April 12th, 2009 at 7: 59 AM

Those people who might make the argument that I’m an unattentive friend would probably do well to notice that I don’t even do a good job at taking care of my own things…like say blogs.

That being said, I just wanted to pimp my homegirl Brandi’s Etsy site, See Monkey Bead. She makes the jewelry, I made the banner. 

Head hurts, mouth yawns, design awaits.

Breathing Room

March 14th, 2009 at 11: 29 AM

Since I’ve found myself with only one project to get finished this weekend, I decided to make up a few more to try to get done. I suppose I’ve already finished two of them, the first of which was finishing my taxes, the second being finishing the upgrade of this fine blog to WordPress 2.71. I’m working up an actual logo for this site that isn’t just a font, or a rip off of fight club, so I’ll likely get that implemented (hopefully) before the weekend is out. I’m also really trying to whip up some sort of professional looking web gallery/portfolio which will be taking the place of the much neglected drawing board. And before the end of the weekend I need to finish my personal identity branding package (early stage can be found here) and/or apply for a Hallmark internship.

That’s the shortlist update. I’ll aim for something a bit more robust when I’m not rushing to leave for work.

2009 Kansas City Student Addy Winner

February 3rd, 2009 at 8: 06 PM

Bucket O Bugs

So I got this email earlier today:

Good afternoon and congratulations! Your work has won in the Advertising Club of Kansas City’s Student ADDY competition. The following will be on display in the hanging gallery at the February 28 awards show:
Bucket O’ Bugs in Student Category 02C, Collateral Material Poster. SILVER award.

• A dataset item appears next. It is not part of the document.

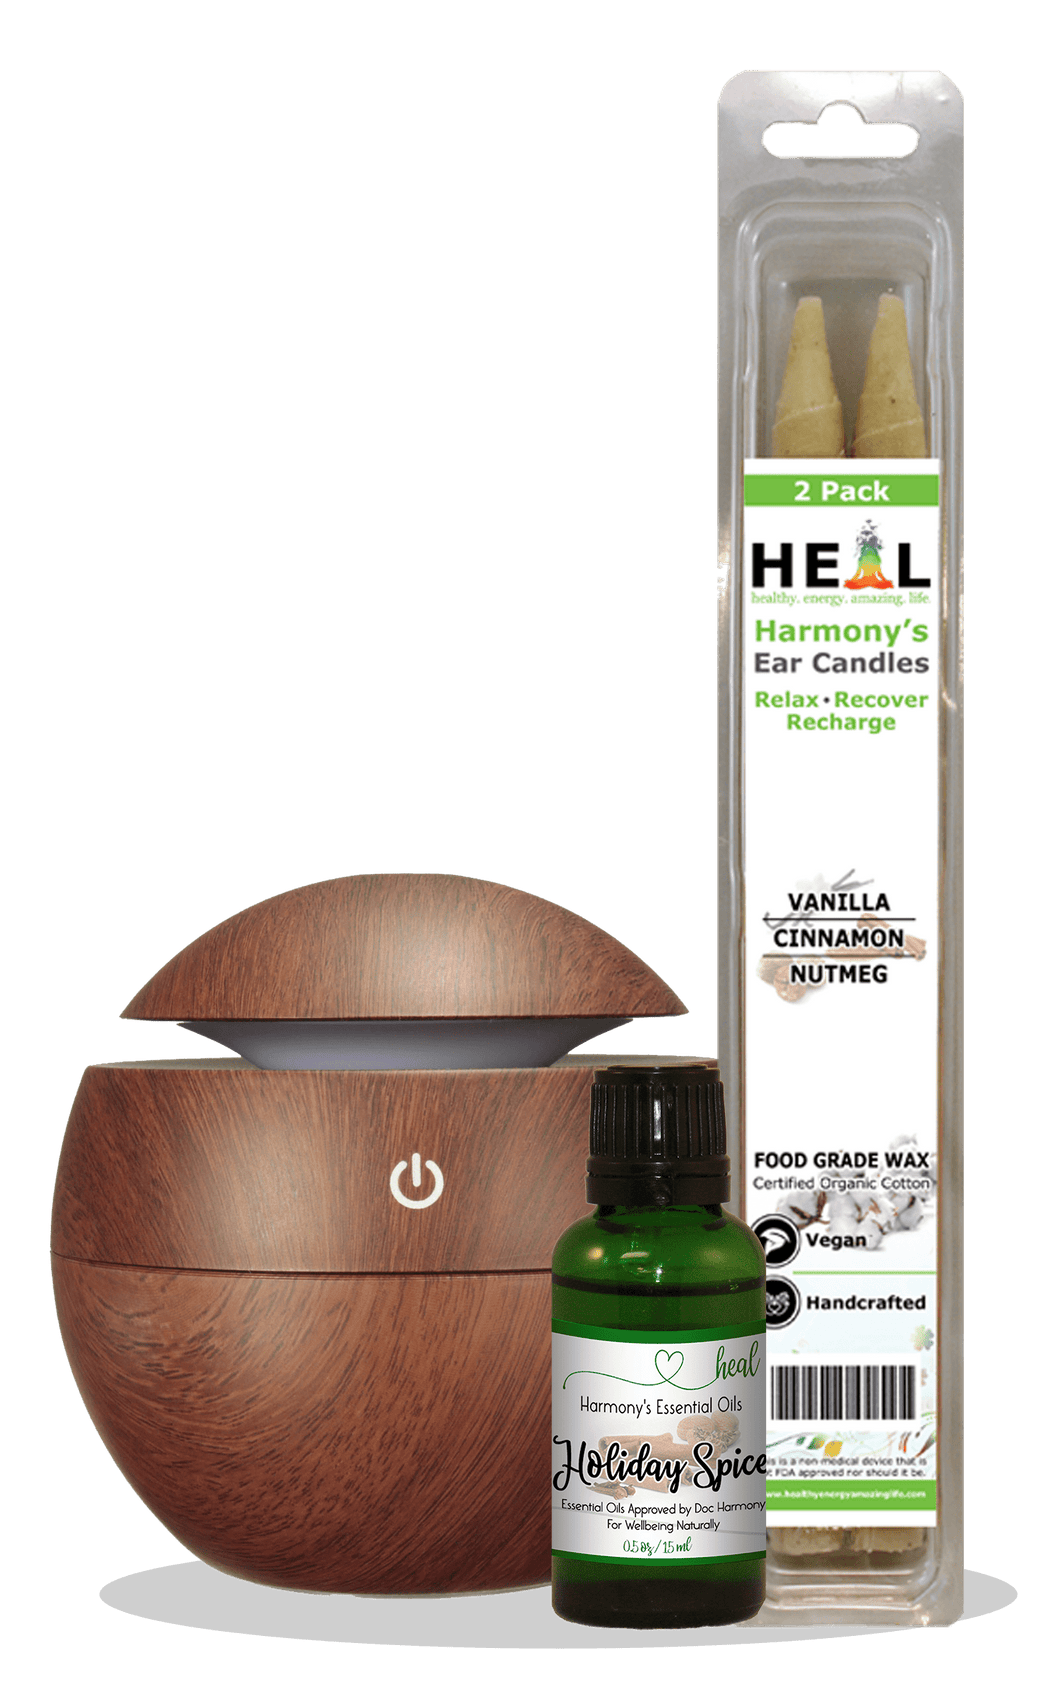 happyenergyamazinglife Natural Health Products H.E.A.L.’s Aroma Diffuser Gift Kit
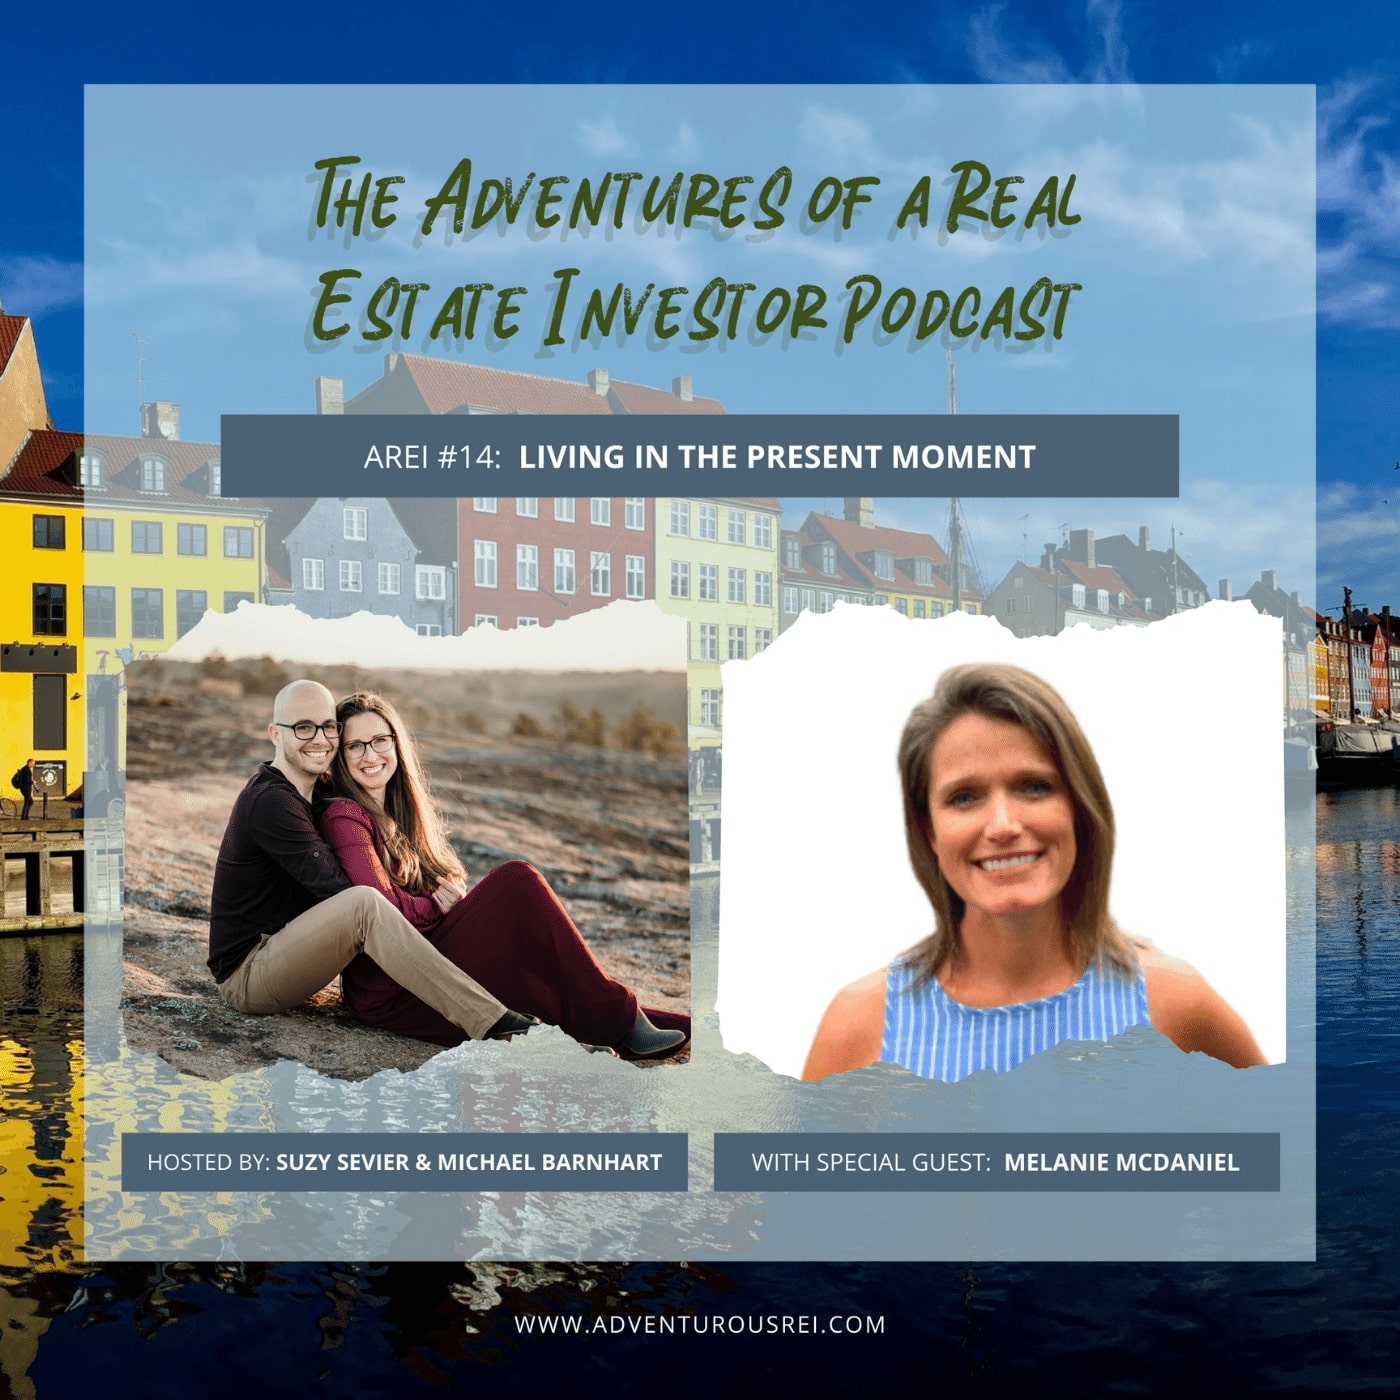 The Adventures of a Real Estate Investor

Bronze, Silver and Gold level winners will receive official certificates and Gold winners will receive ADDY award cubes. If you are a Gold winner and plan to attend the ADDY show, you will be called to the stage to receive your award among the Student and Professional ADDY competition winners.

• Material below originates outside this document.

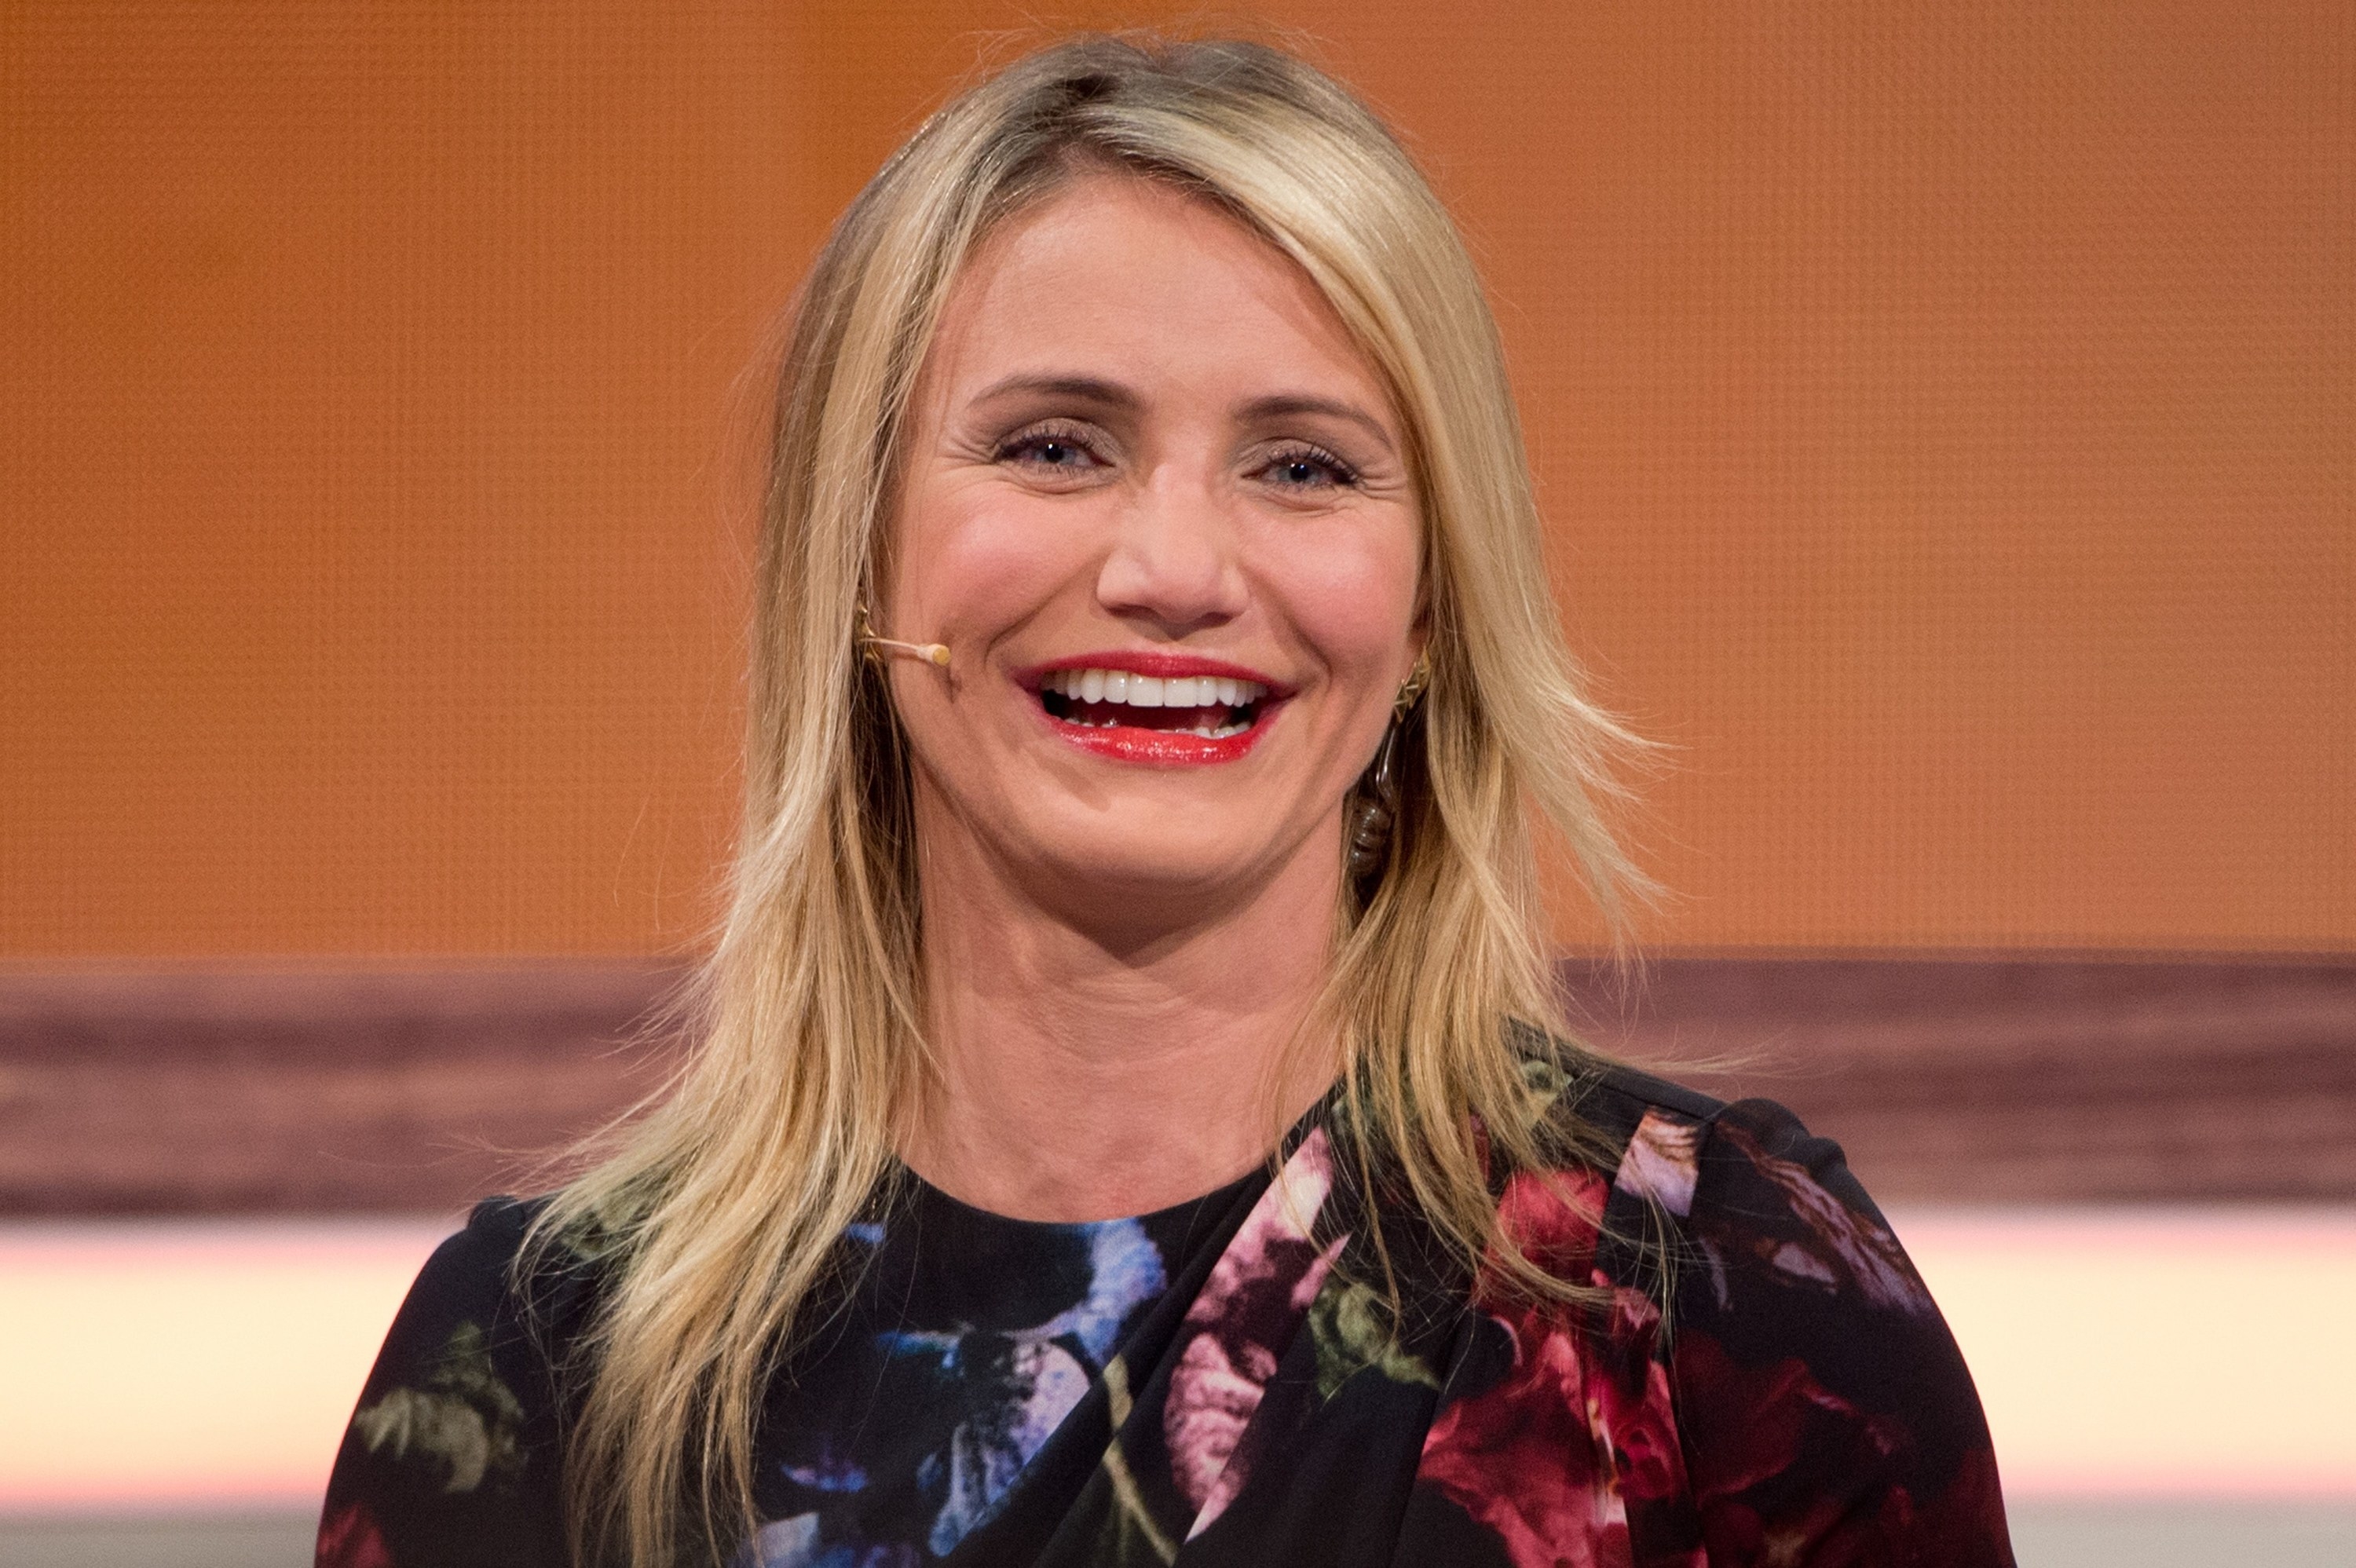 Cameron Diaz laughing with a head mic attached to her

You may wish to invite your family, friends or professors to join you at the awards show. Here are the important details about the event:
WHEN: Saturday, February 28. 6 pm cocktail reception and gallery viewing. 8 pm awards show. After-party immediately following.
WHERE: Bartle Grand Ballroom, 16th & Wyandotte Streets in Downtown Kansas City. Valet parking available for $10.
ADMISSION: $45 for ad2 members. $55 for Ad Club and Art+Copy Club members. $80 for non-members. $30 for full-time students and Student ADDY entrants.
The ADDY awards show is the only club event where each member may bring one guest at the $55 member rate. No refunds for cancellations after February 26. All day of event admissions (guests without paid reservations by 12 noon on February 27) will be at the $80 non-member rate. $150 additional charge to reserve a premium table of 10; limited availability, reserved on a first come, first served basis.
RESERVATIONS: E-mail rachel@kcadclub.com or call 816.822.0300.

You should soon receive an invitation in the mail. I hope to see you there!

Best regards,
Rachel Hack

So that’s fairly self explanatory. Of course the image I linked to up above is the winning piece, entitled Bucket O’ Bugs. Enough back patting. See you at the show, if I manage to scrape together the $30 to get in.